[PATCH v6 12/12] x86/traps: Fix up invalid PASID

Mon Aug 3 15:12:18 UTC 2020

On Mon, Aug 3, 2020 at 8:03 AM Dave Hansen <dave.hansen at intel.com> wrote:
>
> On 7/31/20 4:34 PM, Andy Lutomirski wrote:
> >> Thomas suggested to provide a reason for the #GP caused by executing ENQCMD
> >> without a valid PASID value programmed. #GP error codes are 16 bits and all
> >> 16 bits are taken. Refer to SDM Vol 3, Chapter 16.13 for details. The other
> >> choice was to reflect the error code in an MSR. ENQCMD can also cause #GP
> >> when loading from the source operand, so its not fully comprehending all
> >> the reasons.
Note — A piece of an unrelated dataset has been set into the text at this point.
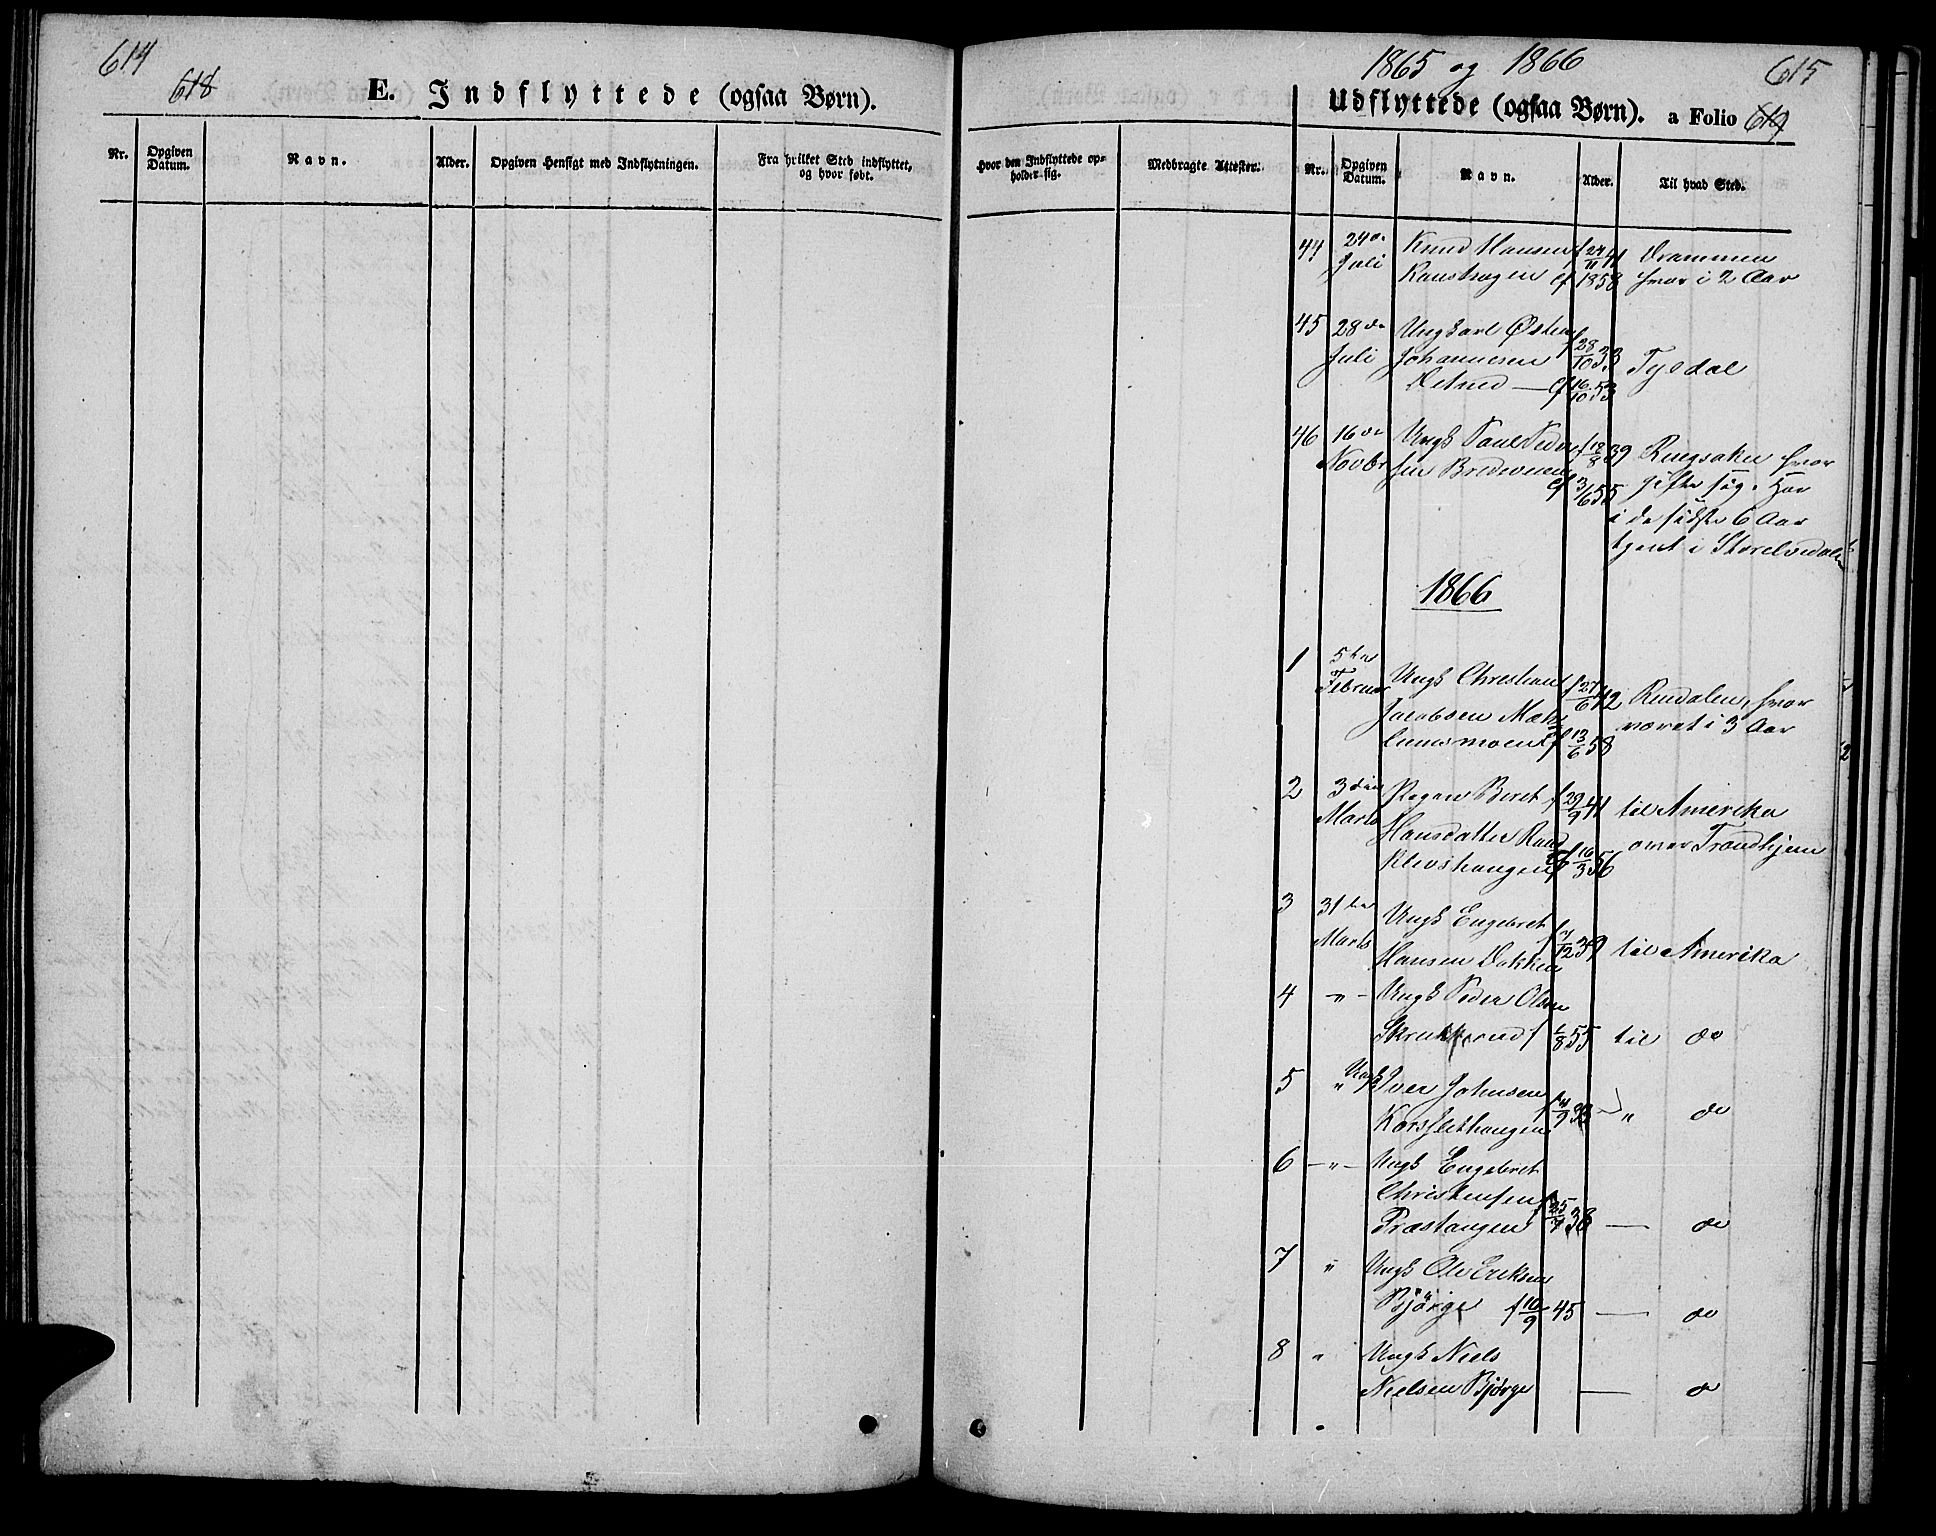 SAH, Ringebu prestekontor, Klokkerbok nr. 3, 1854-1866, s. 614-615

Rather than special case the ENQCMD, in future Intel may
> >> choose a different fault mechanism for such cases if recovery is needed on
> >> #GP.
> > Decoding the user instruction is ugly and sets a bad architecture
> > precedent, but we already do it in #GP for UMIP.  So I'm unconvinced.
>
> I'll try to do one more bit of convincing. :)
>
> In the end, we need a way to figure out if the #GP was from a known "OK"
> source that we can fix up.  You're right that we could fire up the
> instruction decoder to help answer that question.  But, it (also)
> doesn't easily yield a perfect answer as to the source of the #GP, it
> always involves a user copy, and it's a larger code impact than what
> we've got.
>
> I think I went and looked at fixup_umip_exception(), and compared it to
> the alternative which is essentially just these three lines of code:
>
> > +     /*
> > +      * If the current task already has a valid PASID in the MSR,
> > +      * the #GP must be for some other reason.
> > +      */
> > +     if (current->has_valid_pasid)
> > +             return false;
> ...> +  /* Now the current task has a valid PASID in the MSR. */
> > +     current->has_valid_pasid = 1;
>
> and *I* was convinced that instruction decoding wasn't worth it.
>
> There's a lot of stuff that fixup_umip_exception() does which we don't
> have to duplicate, but it's going to be really hard to get it anywhere
> near as compact as what we've got.
>

I could easily be convinced that the PASID fixup is so trivial and so
obviously free of misfiring in a way that causes an infinite loop that
this code is fine.  But I think we first need to answer the bigger
question of why we're doing a lazy fixup in the first place.

--Andy